Se se julgasse a palavra "sensível" pelos padrões da maioria dos adultos, então, em geral, quanto mais "sensível" uma criança era, menos feliz havia sido sua infância.
E toda a infelicidade da infância de Chongxuan Sheng vinha quase inteiramente daquele homem chamado Chongxuan Futo.
Ele nunca se havia atrevido a vir ao Mosteio Marchito-Florescente.
Agora que estava aqui, mesmo com dois amigos ao seu lado, ainda se sentia sozinho.
Catorze deu silenciosamente um passo mais perto dele. A Armadura de Montanha Negativa que ele carregava não era chamativa, mas dava uma sensação de confiabilidade.
Jiang Chen olhou para cima, para a lua—uma fonte de luz brilhante mas distante.
Solidão—quem deles não a sentia?
Caminharam até aproximadamente onde havia estado o salão principal do Mosteio Marchito-Florescente, e Chongxuan Sheng parou.
"Eu sempre me perguntei por que ele tomou aquelas decisões estúpidas repetidamente, traindo sua família, seus amigos, seus subordinados... traindo tantos que confiavam nele, e até causando danos à família."

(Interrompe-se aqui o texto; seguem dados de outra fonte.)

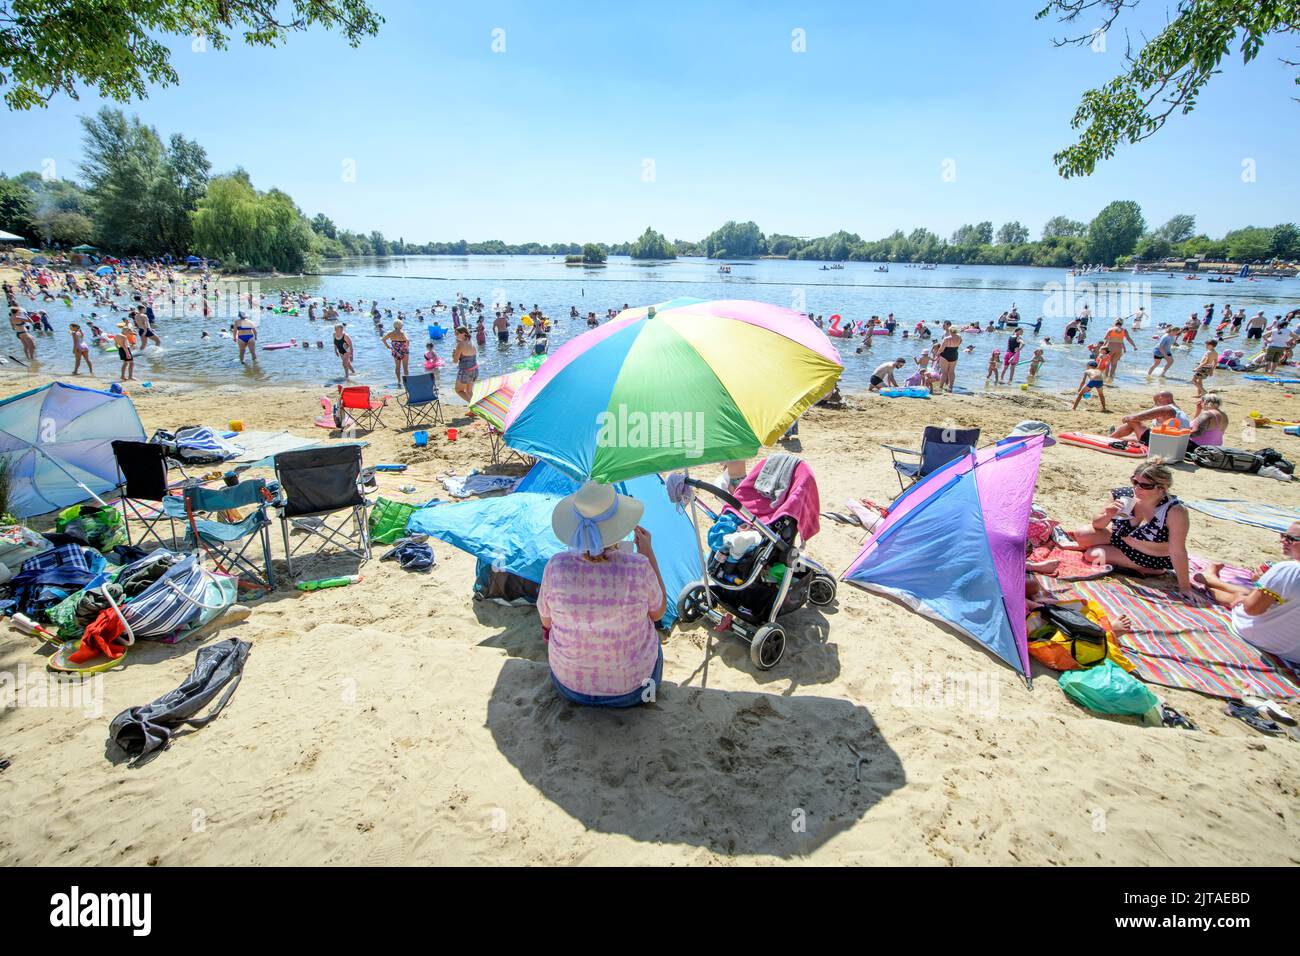 The Cotswold Water Park near Cirencester, Gloucestershire during the 2022 heatwave.holiday season Stock Photo

O "ele" ao qual se referia sem nomear diretamente só podia ser Chongxuan Futo.
O homem gordo olhou ao redor. A escuridão não afetava sua visão, mas as ruínas que se espalhavam por todos os lados não pareciam conter nenhuma pista—se alguma vez houve, deveriam ter sido destruídas naquele grande fogo há vinte e cinco anos. Quanto mais o vento e a chuva do quarto de século transcorrido.
Chongxuan Sheng perguntou: "Haverá respostas aqui?"
Havendo recentemente ganhado certa vantagem na luta pela posição de chefe de família, mostrou neste momento uma rara expressão de confusão.
Vinte e cinco anos... ou até mais tempo—como se encontrariam respostas?
Os dois que uma vez se tornaram amigos aqui—um já havia se dissipado na nada, e o outro estava confinado dentro do Palácio de Pedra Verde, sem ver o céu desde há eras. Quanto ao próprio Mosteio Marchito-Florescente, além da devastação que cobria tudo, nada restava.
Para encontrar respostas, parecia que o único caminho era perguntar à pessoa dentro do Palácio de Pedra Verde. Mas o Palácio de Pedra Verde era inacessível, e assim...
Jiang Chen só agora percebeu algo. Quando Chongxuan Sheng havia enviado Xu Fang ao Palácio de Pedra Verde para se desculpar, além de destruir o Sindicato da Assembleia do Tesouro e atingir Jiang Wuliang, bem poderia haver a intenção de forçar Jiang Wuliang a sair do Palácio de Pedra Verde.
Mas Jiang Wuliang havia mantido seu silêncio de início ao fim.
O Príncipe Herdeiro deposto parecia ter abandonado completamente a vontade de viver...
"Você tem uma resposta?" perguntou Jiang Chen.
Chongxuan Sheng estava prestes a dizer algo.
"Espere." Jiang Chen o interrompeu, suas orelhas tremendo levemente. "Vocês ouviram algo?"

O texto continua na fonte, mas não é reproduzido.